Of the sample of 58 infants, 49 had clinical outcome data. The top portion of Table 3 presents risk group by 4 separate outcome diagnostic categories: No Concerns, Other Concerns, Speech-Language Delays, and Autism/ASD. As can be seen in Table 3, only three infants were eventually diagnosed with autism; one was from the low-risk sibling group, and two infants were from the high-risk sibling group. In order to formally test for relationships between risk-group and outcome, clinical outcome groups were collapsed into a dichotomous variable consisting of “no concerns” versus “concerns of any type” (i.e., Speech-Language Delay, Other Concerns, Autism/ASD). A chi-square analysis of risk-group by dichotomous outcome revealed a marginally significant relationship between risk-group and outcome (X2 = 3.57, df = 1, p = .06), with 11 infants in the at-risk group showing some sort of clinical concerns or delay vs. only 4 in the low-risk group.

Table 3.

Clinical Outcome by Risk-Group and Eye-Mouth Index Cluster.

Outcome Classification

Risk-Group No Concerns Other
Concernsa
Speech-Lang.
Delay
Autism/ASD

   High-Risk 15 4 5 2
   Low-Risk 19 3 0 1
Eye-Mouth Cluster

   HHHb 19 3 3 2
   LHL 9 3 2 1
   LLL 6 1 0 0
a

Other=global developmental delays; anxiety; oppositional behavior

b

HHH=high eye-mouth index scores throughout all still-face conditions (i.e., preferential looking toward the eyes); LHL=high eye-mouth index scores only during unresponsive still-face condition; LLL=low eye-mouth index scores (i.e., preferential looking toward the mouth).

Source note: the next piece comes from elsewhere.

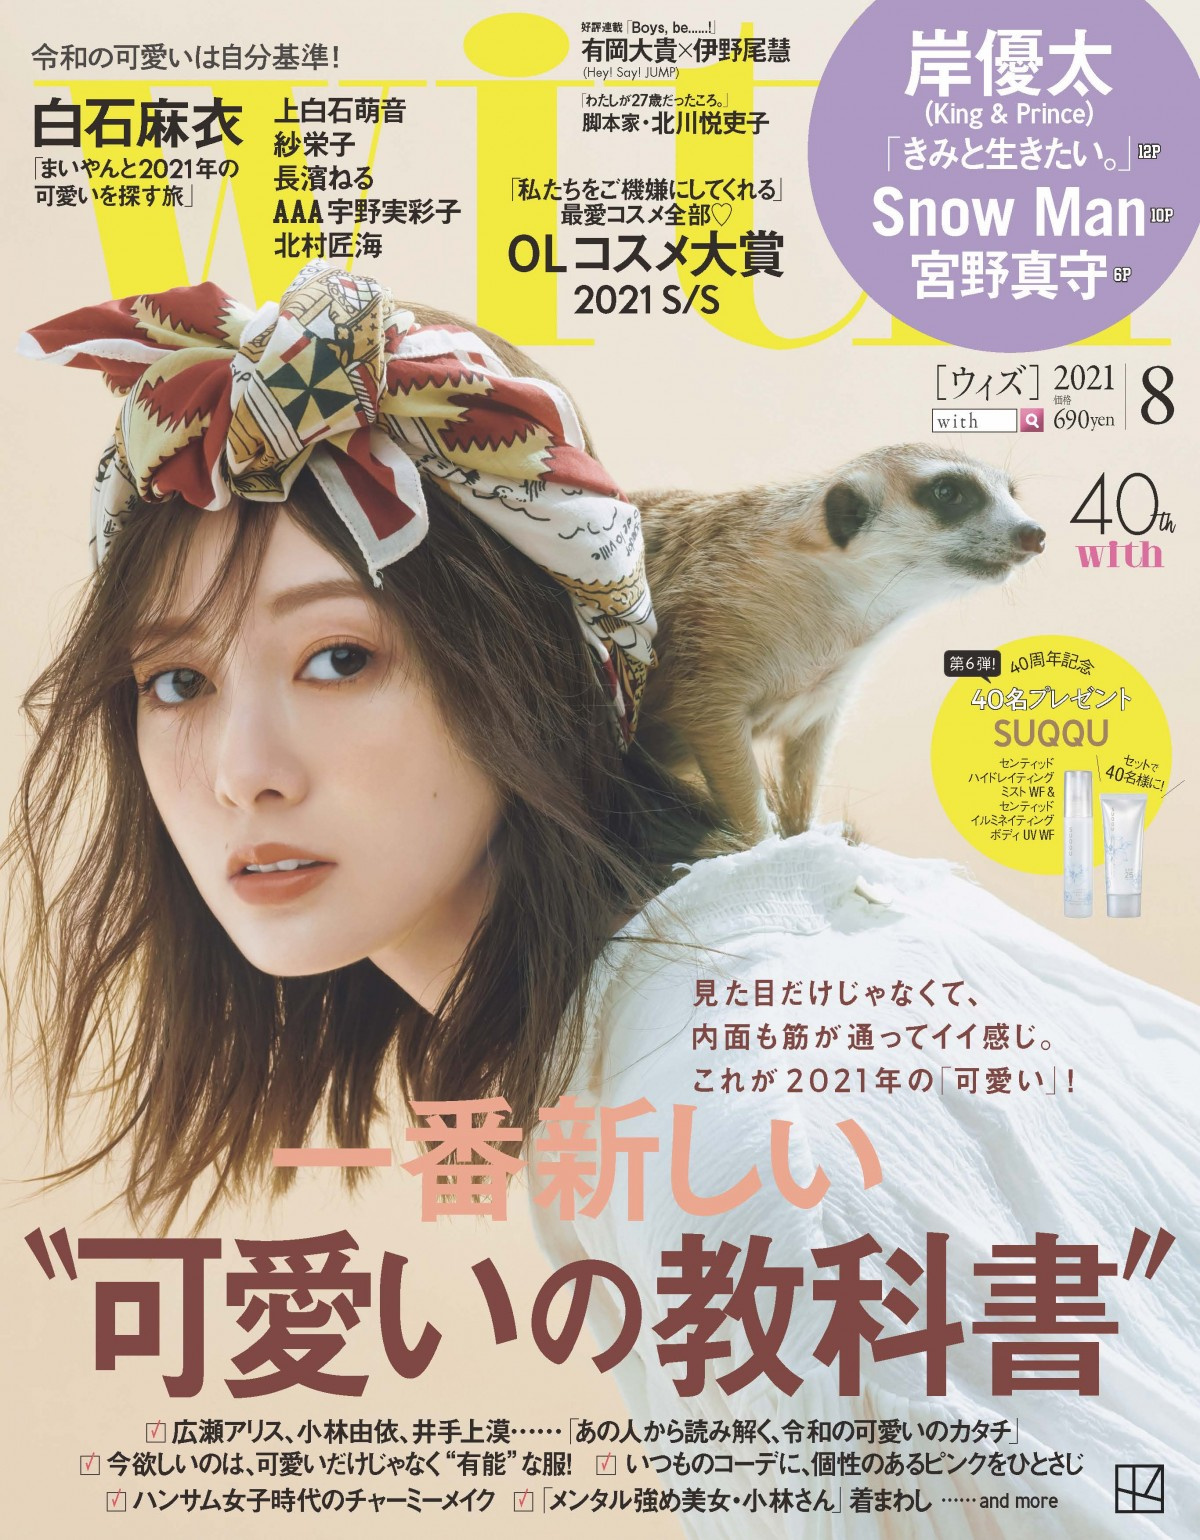 Snowman With で 多彩なかわいさ 徹底分析 深澤辰哉は目黒蓮から指輪プレゼント いただいちゃいましたー Oricon News

Clinical Outcome, Gaze Behavior, and Affect

The bottom portion of Table 3 presents the eye-mouth index cluster by clinical outcome group. Using the same dichotomous outcome categories employed above, a chi-square analysis of eye-mouth cluster by outcome group revealed no significant relationship (X2=1.51, df=2, p=.47). Of the 7 infants in the sample with outcome data who were classified as looking primarily at the mouth region throughout, only 1 infant showed any clinical concerns (severe hyperactivity), and this infant had an ADOS algorithm score of 3 (where the diagnostic cutoff for autism is 12 and ASD is 7) and MSEL scores all well within the normal range.

A second set of analyses was performed that again examined each of the 5 gaze behavior and affect variables in a repeated measures ANOVA, with episode, dichotomous clinical outcome (concerns or no-concerns), and the episode by outcome interaction term. Results revealed no significant main effect or interaction effect for clinical outcome on any of the still-face variables. Both the concerns group and the no-concerns group showed similar responses to the mother-infant interaction on each of the gaze and affect variables.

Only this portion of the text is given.